[DATA BELOW]
◆ ◆ ◆ ◆ ◆ ◆ ◆
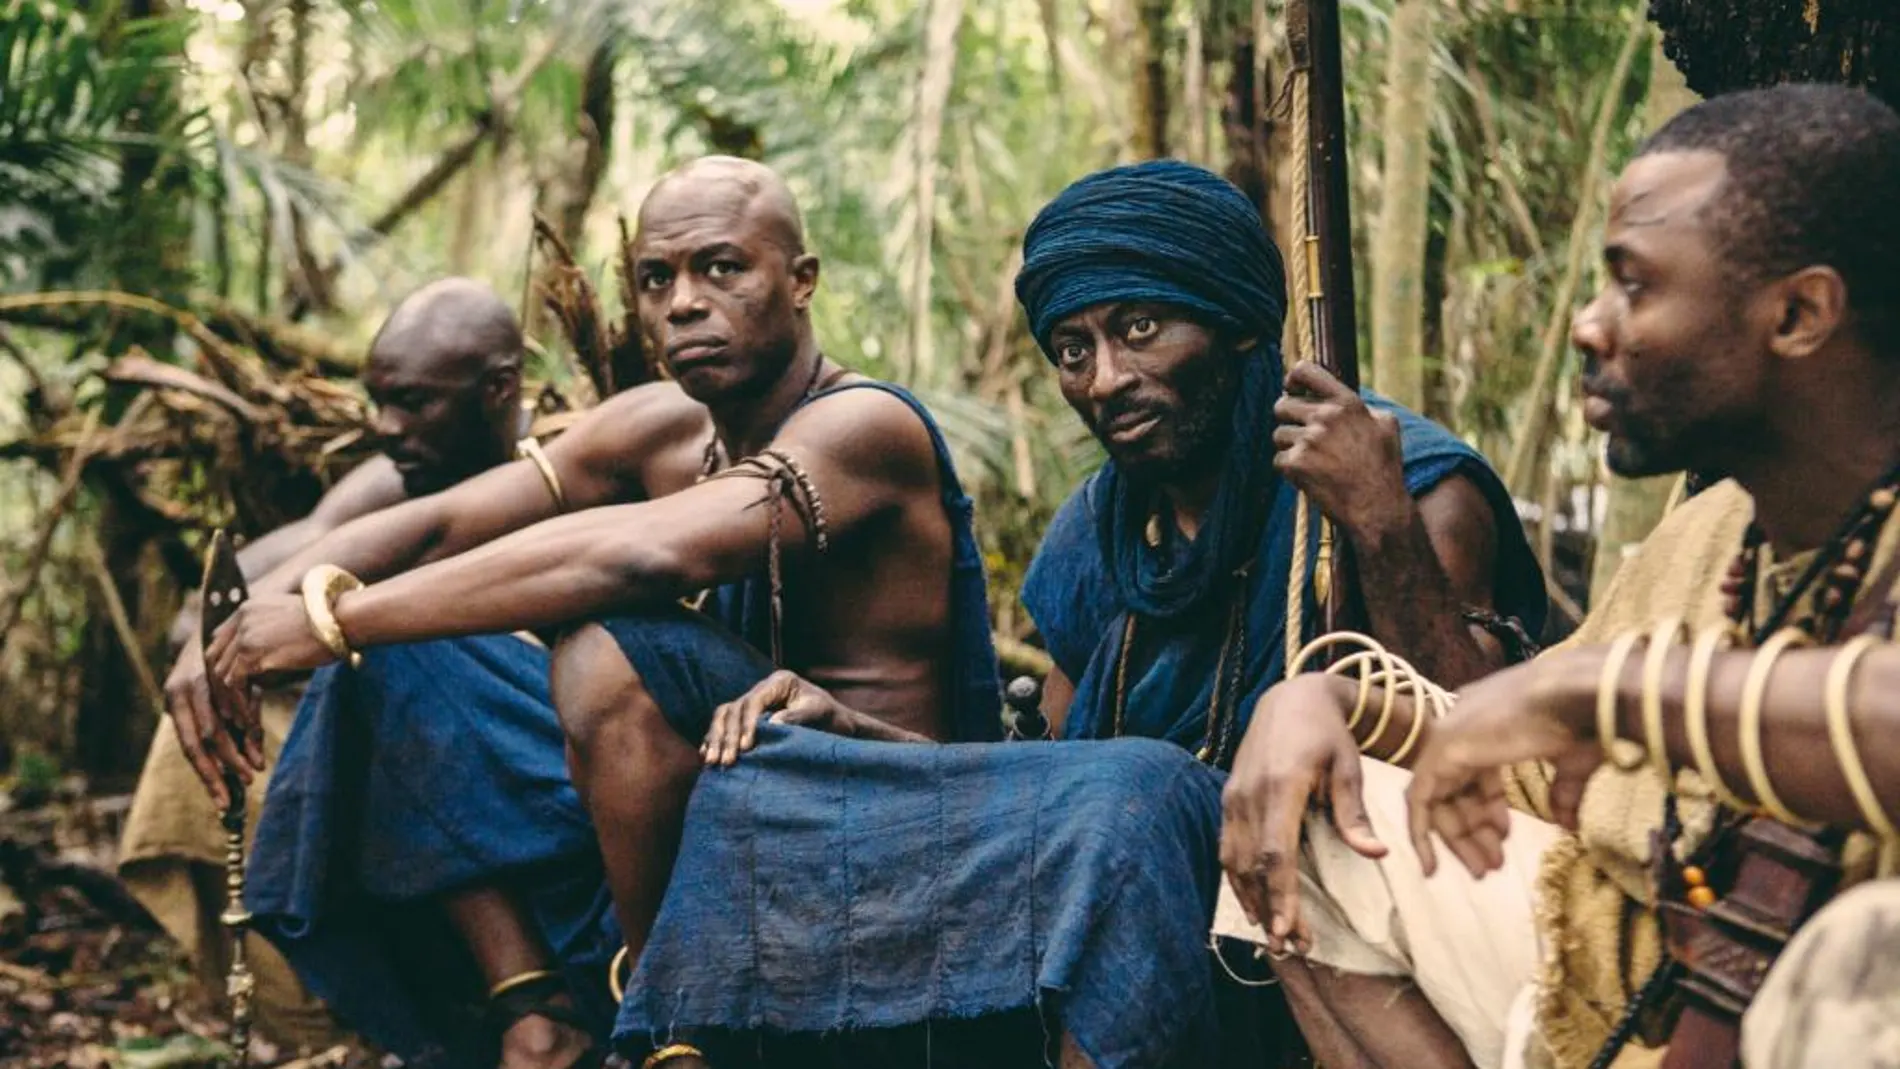 Fotograma de la miniserie "Raíces", que narra la historia de un guerrero mandinga capturado en África Occidental y vendido como esclavo en Estados Unidos.
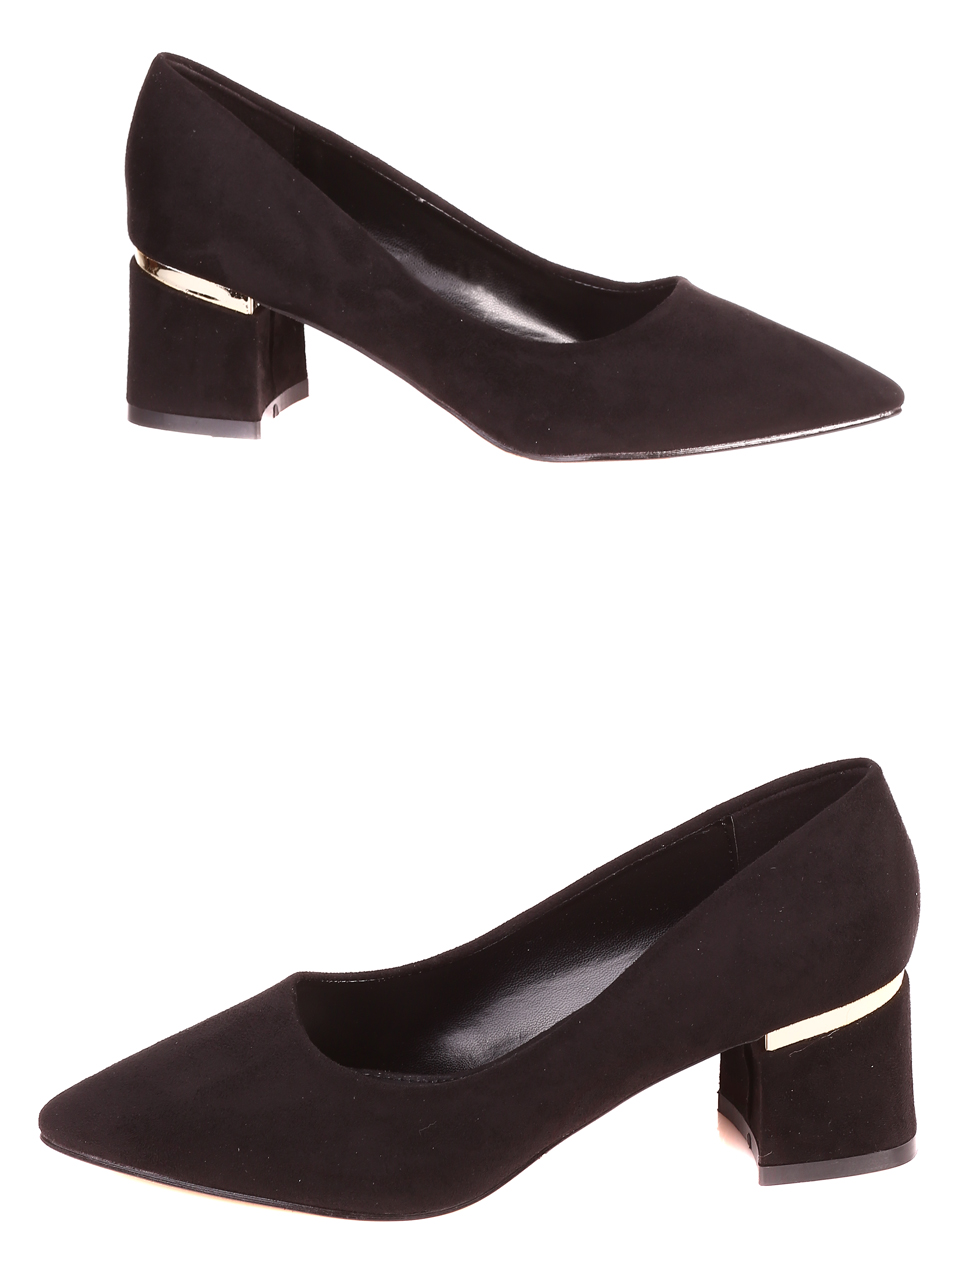 Елегантни дамски обувки на ток в черно 3M-21817 black mf
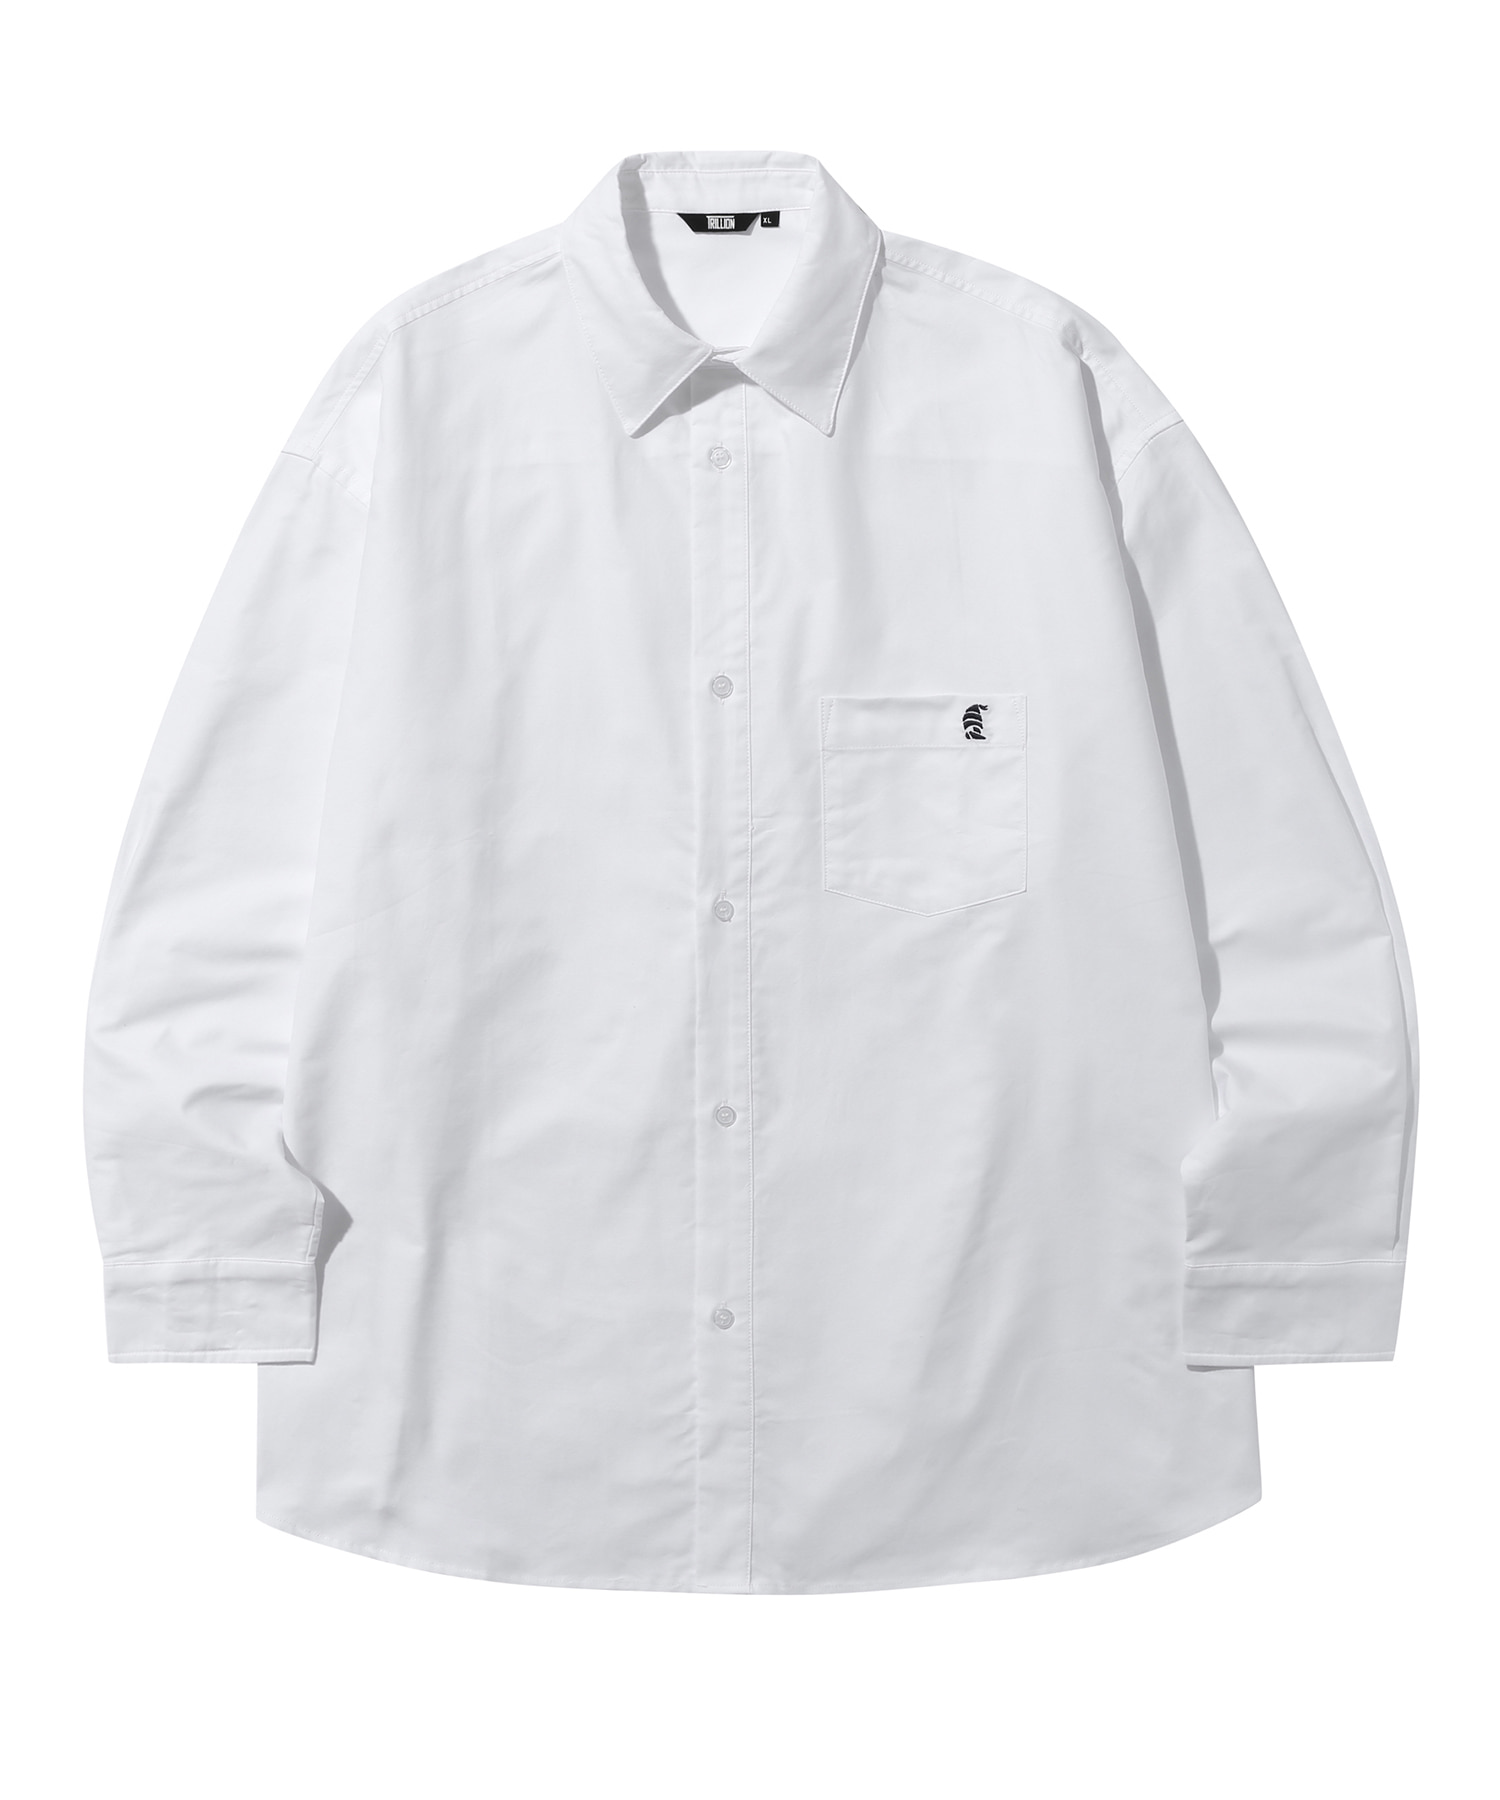 시티보이 보트자수 옥스포드 오버핏 셔츠 (WHITE)
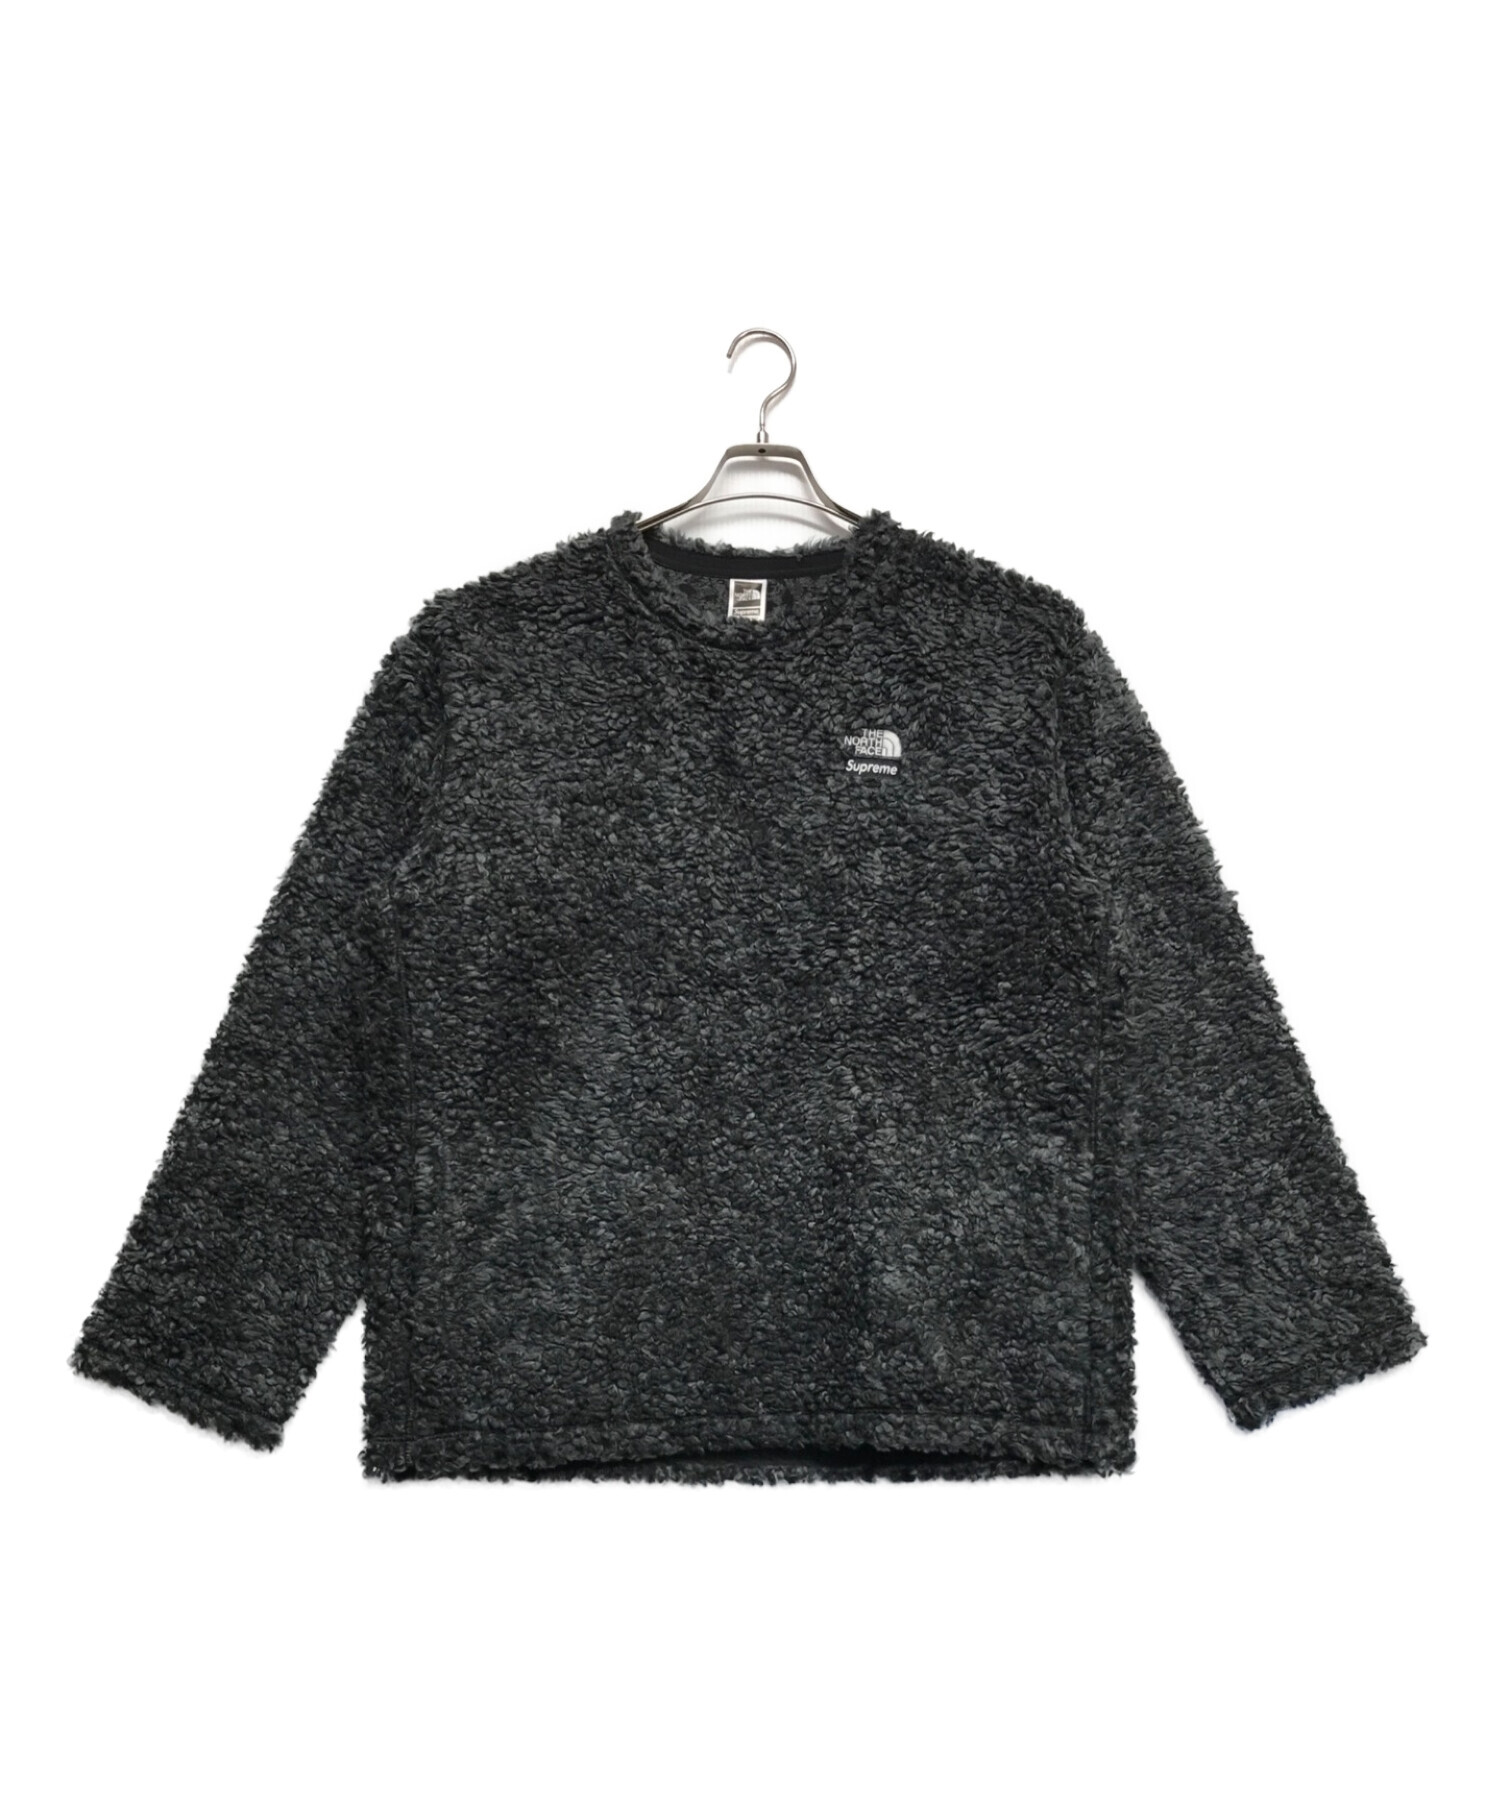 Supreme 14aw fleece pullover
◆ ◆ ◆ ◆ ◆ ◆ ◆
[WORK TO COMPLETE]
Beginning with the line that contains "Елегантни дамски обувки" and ending with the last line of the data, restate each line word for word. Exclude the pictures.

[OUTPUT OF THE EXERCISE]
 Елегантни дамски обувки на ток в черно 3M-21817 black mf
 시티보이 보트자수 옥스포드 오버핏 셔츠 (WHITE)
 Supreme 14aw fleece pullover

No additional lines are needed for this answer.